小学校の教材として活用も視野に
プログラム上に第2の新ひだか町をつくる取り組みが進められている。子どもたちにもなじみ深いコンピューターゲーム「マインクラフト」を活用して町内の名所を再現するもので、手掛けるのは北海道情報大の学生だ。完成した舞台は、eスポーツのフィールドとして公開するほか、小学校のプログラミング教材に活用することも視野に入れる。
活動は、eスポーツ地域活性化プロジェクトと銘打ち、9月から本格的に制作を開始した。道情報大で長年、新ひだか町の活性化に携わる福沢康弘講師の勧めもあり、同町を舞台に選んだ。町観光協会も資料提供に協力。技術サポートはゲーム情報学などが専門の河原大講師が務める。

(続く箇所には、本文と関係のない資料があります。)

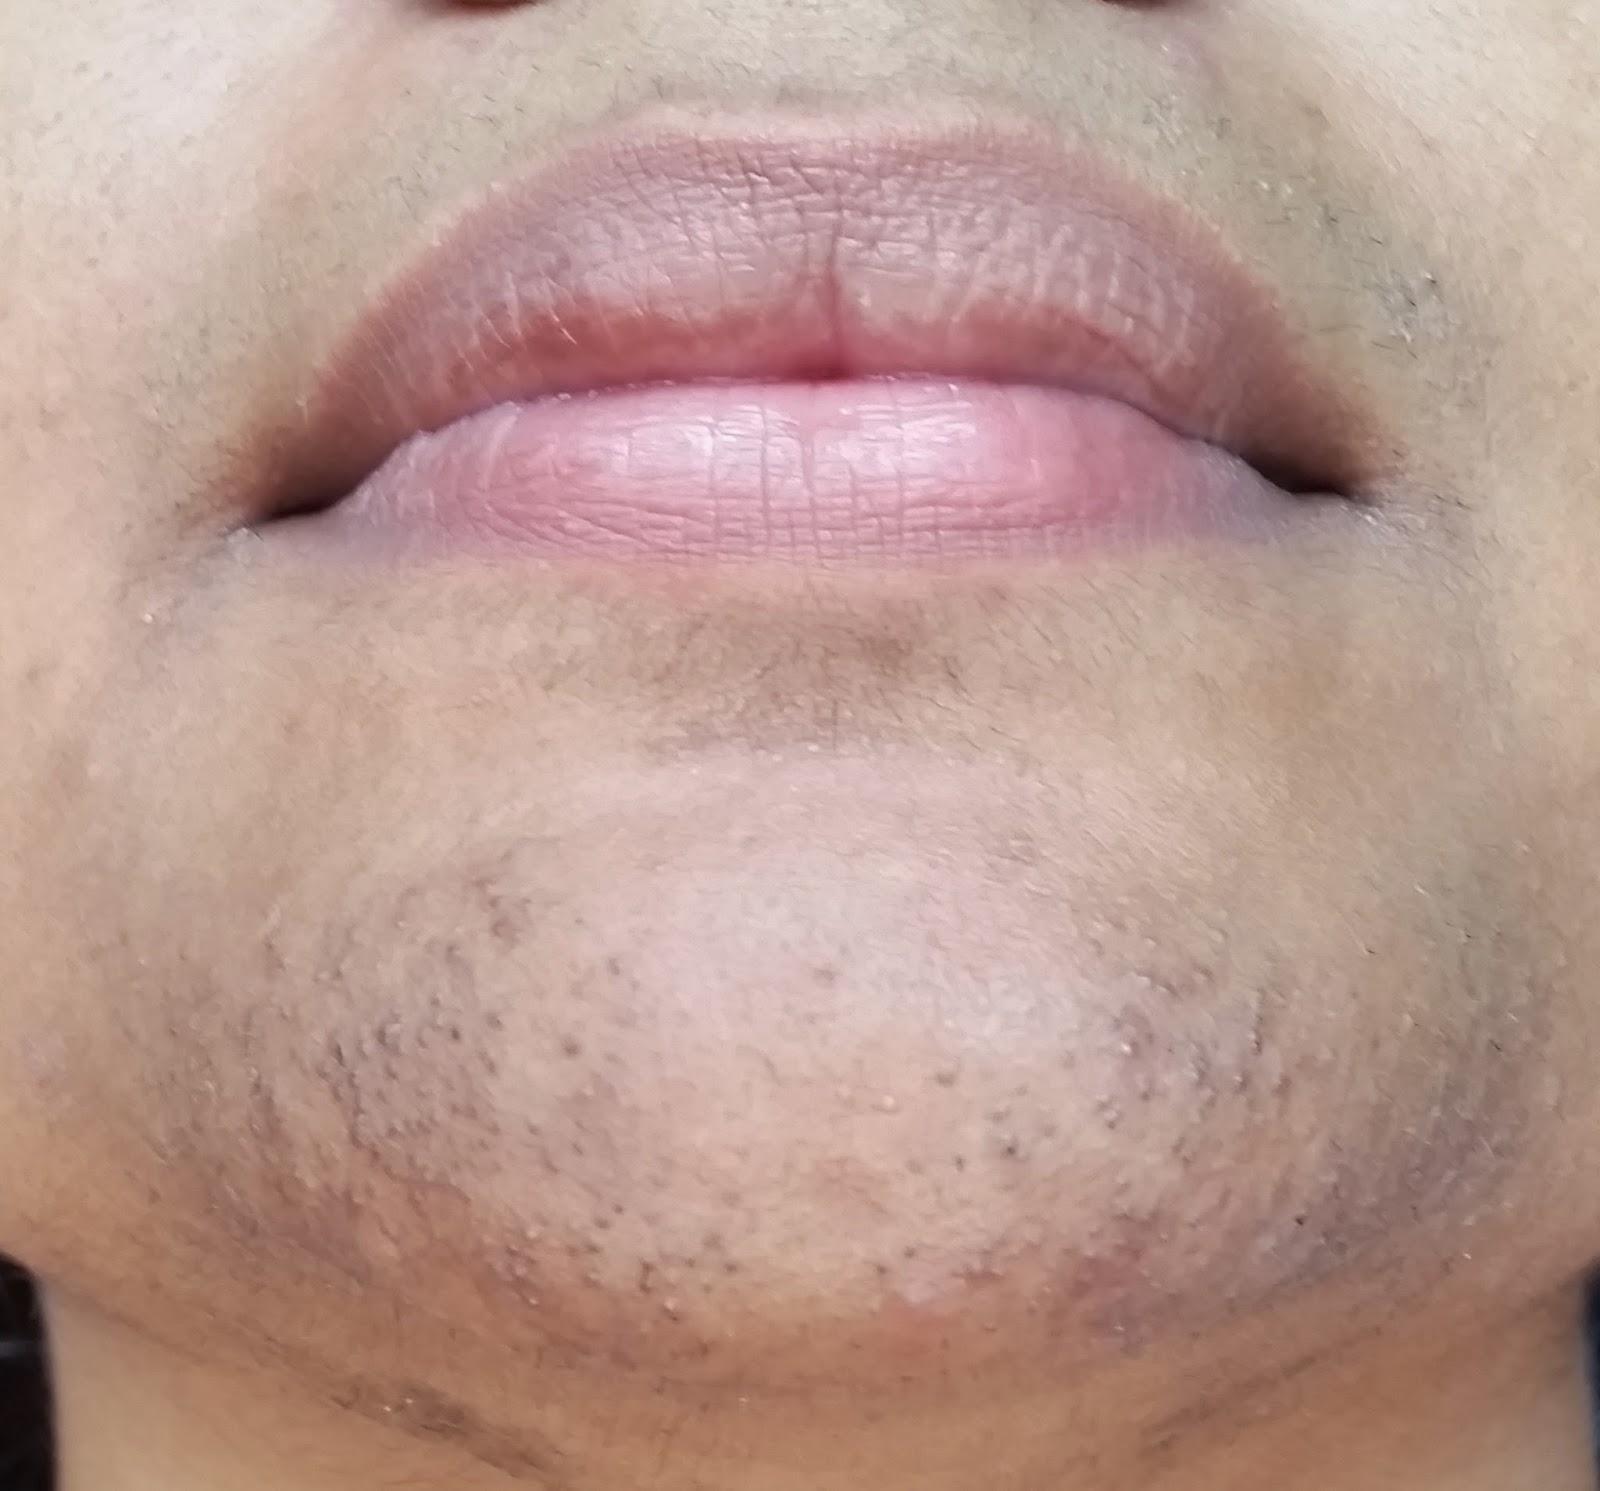 Pcos facial hair treatment

9人の再現チームでリーダーを務める浦河町出身の竹内清人さん(3年)は「現地の資料を見るといろいろなアイデアが浮かんで楽しい。やりがいもあり、地元への恩返しになれば」と意気込む。制作についても「試行錯誤する時間が一番楽しい」と充実感を感じている。
再現に使用するマインクラフトは2009年にスウェーデンの会社が発売したゲームで、現在、月間1億3100万人がプレイしている。土や木などのブロックを組み合わせ、道具や建築物を作れるのが特徴だ。
21年2月の作業完了を見込んでおり、JR静内駅舎、商店街、二十間道路桜並木、真歌公園の中を自由に移動できるようになるという。オンラインで、これらの場所を舞台とした宝探しイベントも開催する予定だ。
河原講師は「全世界に町を公開でき国内で新ひだかに興味がある人も手軽に地域の雰囲気を知れる機会になる」と話す。
完成した空間は、小学校におけるプログラミング教育の素材となる可能性があり、町教委もバーチャルな町に興味を示す。正確に再現された町並みは児童らが親しみやすい上、自在に解体や建築ができ扱いやすいためだ。
また、自らが造ったものが形として残るのは建設業との共通点でもある。河原講師は「子どもの頃から大規模な物づくりを体験することで、建設作業への距離は縮まるのでは」と、建設業へ好影響を及ぼす可能性があるとみている。